Кругом заносились пронзительные трели полицейских свистков; рассыпались взбудораженные голоса; забегали беспокойные огоньки. И снова могучий сноп лучей второго прожектора рассек наполненную тревогой тьму. Дьякон уже находился за стеной — вне досягаемости световых щупальцев — и все же вернулся обратно. И торжественно, будто священнодействуя, повторил свой эксперимент. Снова — треск и тьма.

Тогда он окончательно перешел за стену и попал на шоссейную дорогу. Вышел, чувствуя в себе необузданную мощь и отвагу древнего галла, о котором Кайюс Юлиус Цезарь написал бесподобные мемуары.
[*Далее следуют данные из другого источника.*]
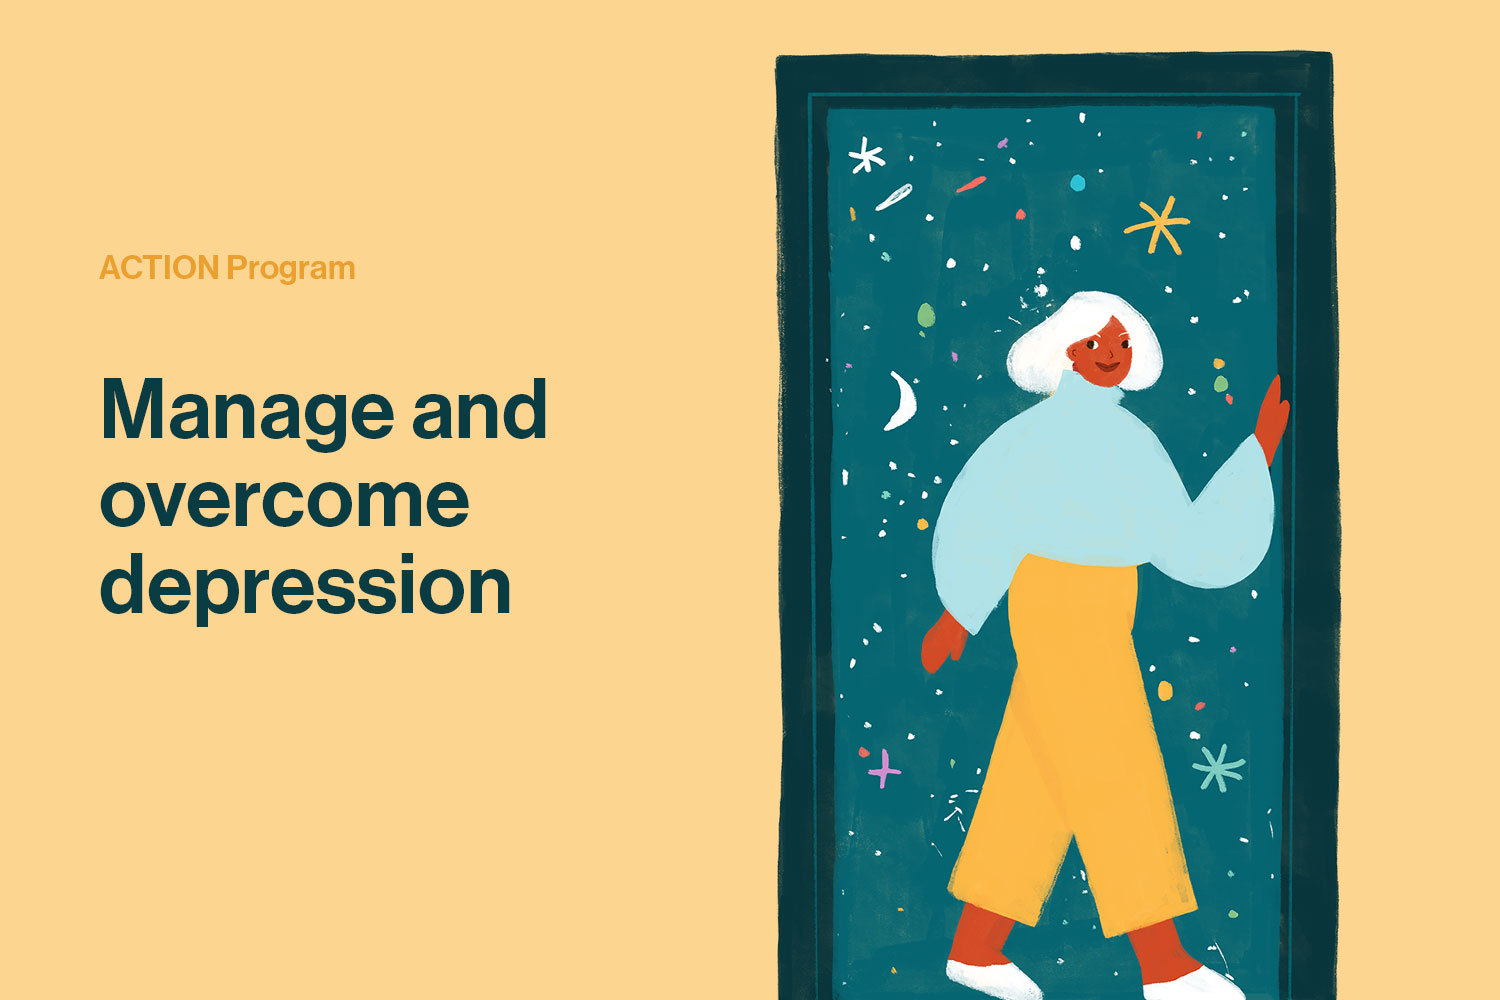 Hero illustration for Mental Health Online's depression (ACTION) program with the headline "Manage and overcome depression".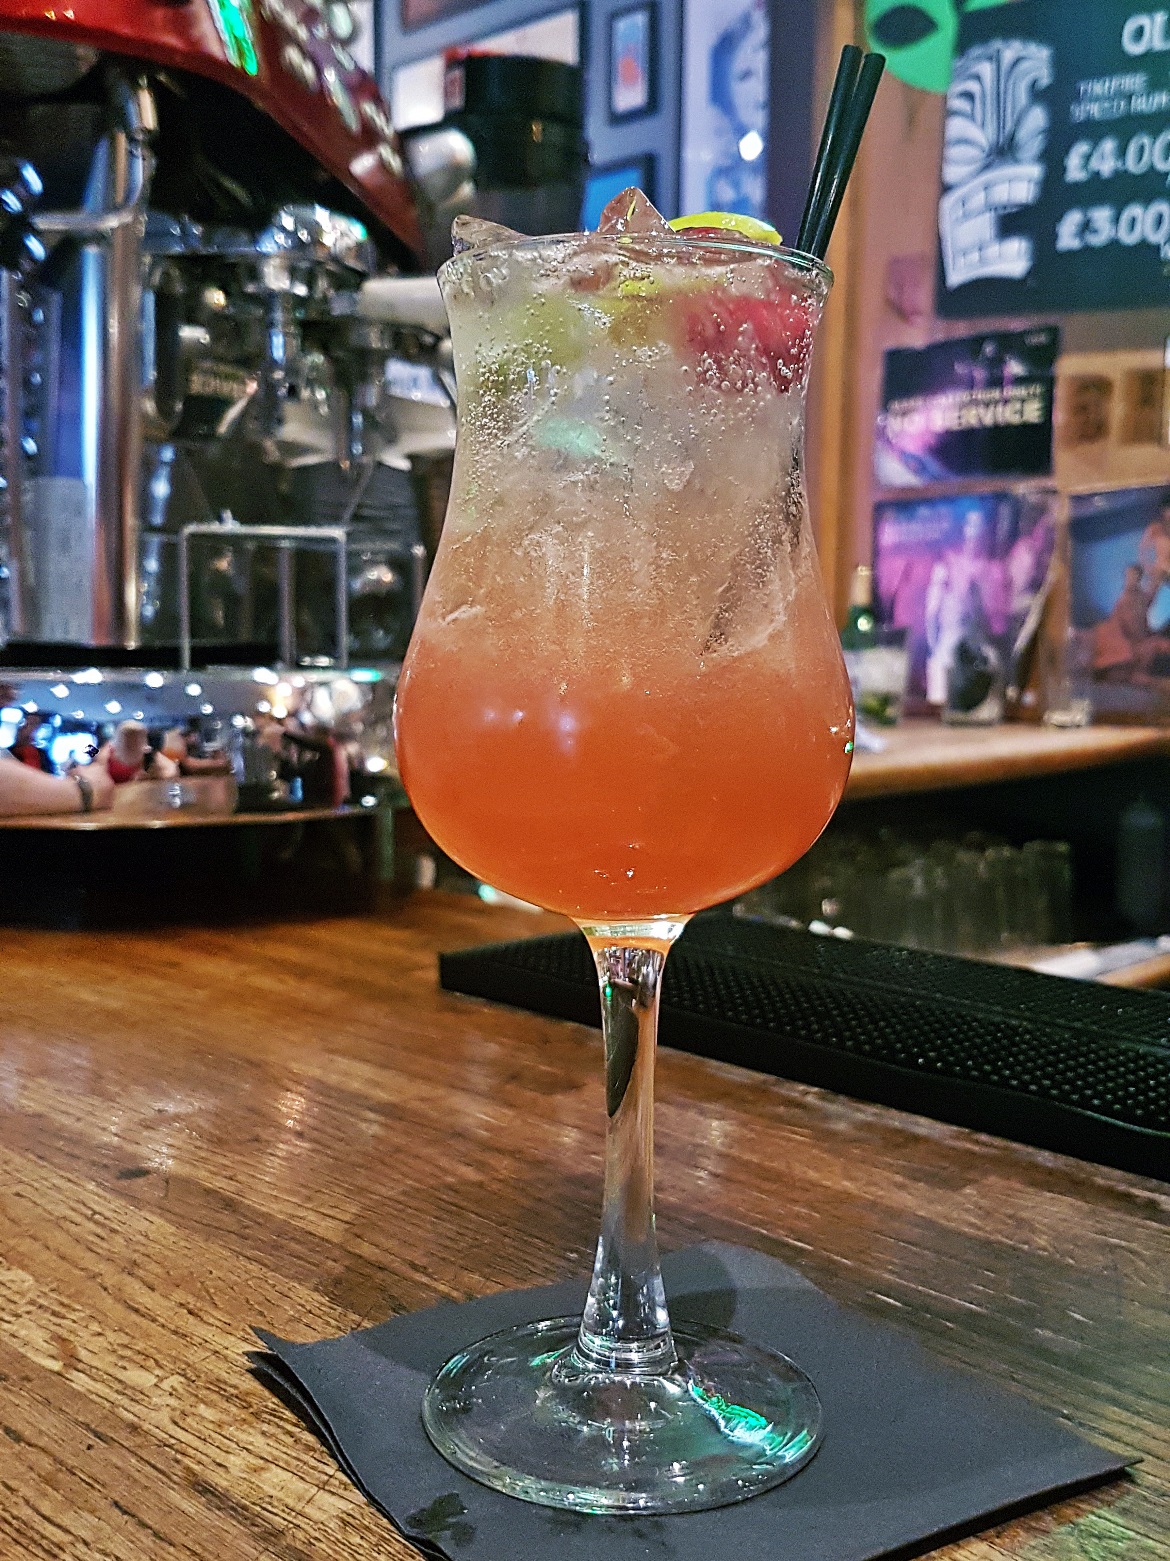 Cocktail at Vox in Huddersfield - July 2017 Recap by BeckyBecky Blogs

Навстречу ему катил велосипедист.

— Сто-ой!! — загорланил он.

Велосипедист остановился и оказался полицейским, но, прежде чем он успел схватиться за револьвер, его тело, разрезанное пополам по поясу, скатилось в дорожную пыль. Дьякон подхватил падающий велосипед. Разбив кулаком фонарь, он неуклюже взгромоздился на стального коня и, рисуя корявые зигзаги, покатил по шоссе. Велосипед каким-то чудом избегал столкновений с пышущими светом автомобилями и экипажами.

Новый полицейский, попытавшийся на углу людной улицы преградить ему дорогу, немедленно отправился по стопам своего коллеги.

Было бы утомительным перечислять все подвиги по-истине взбесившегося дьякона. Достаточно сказать, что за первую свою ночь в Берлине он увеличил число небожителей на одиннадцать человек.

Местность «Вайсензее» богата проточными озерами. В озерах водятся сомы, щуки, налимы, карпы, окуни и лягушки. В особенности изобильны последние.

Поселок «Доппель-кюммель» стоит у небольшого озерца того же названия. В озере, следуя общему правилу, больше лягушек, чем рыбы. Однако находятся рыбаки из жителей поселка, которые упорно, из ночи в ночь, ловят в озере сомов. Одним из таких является престарелый Фридрих Кюммель.

В текущий вечер означенный рыбак сидит около потрескивающего и шипящего костра на своем излюбленном месте — под сенью кряжистой и мшистой ивы, сливаясь с нею в одно целое. Кюммелю — 85 лет, иве — 70. Кюммель помнит иву, когда она была жалким кустиком, и поэтому покровительственно относится к старушке, поглядывая на нее отечески строго, хотя и снизу вверх. Кудрявая ива дружелюбно укрывает старика в зеленых прядях своей кудлатой головы, оберегает его от ночного свежего ветра, посматривая на него сыновне-ласково, хотя и сверху вниз. Весеннезвонкие голоса пучеглазого водяного общества полощут над озером воздух.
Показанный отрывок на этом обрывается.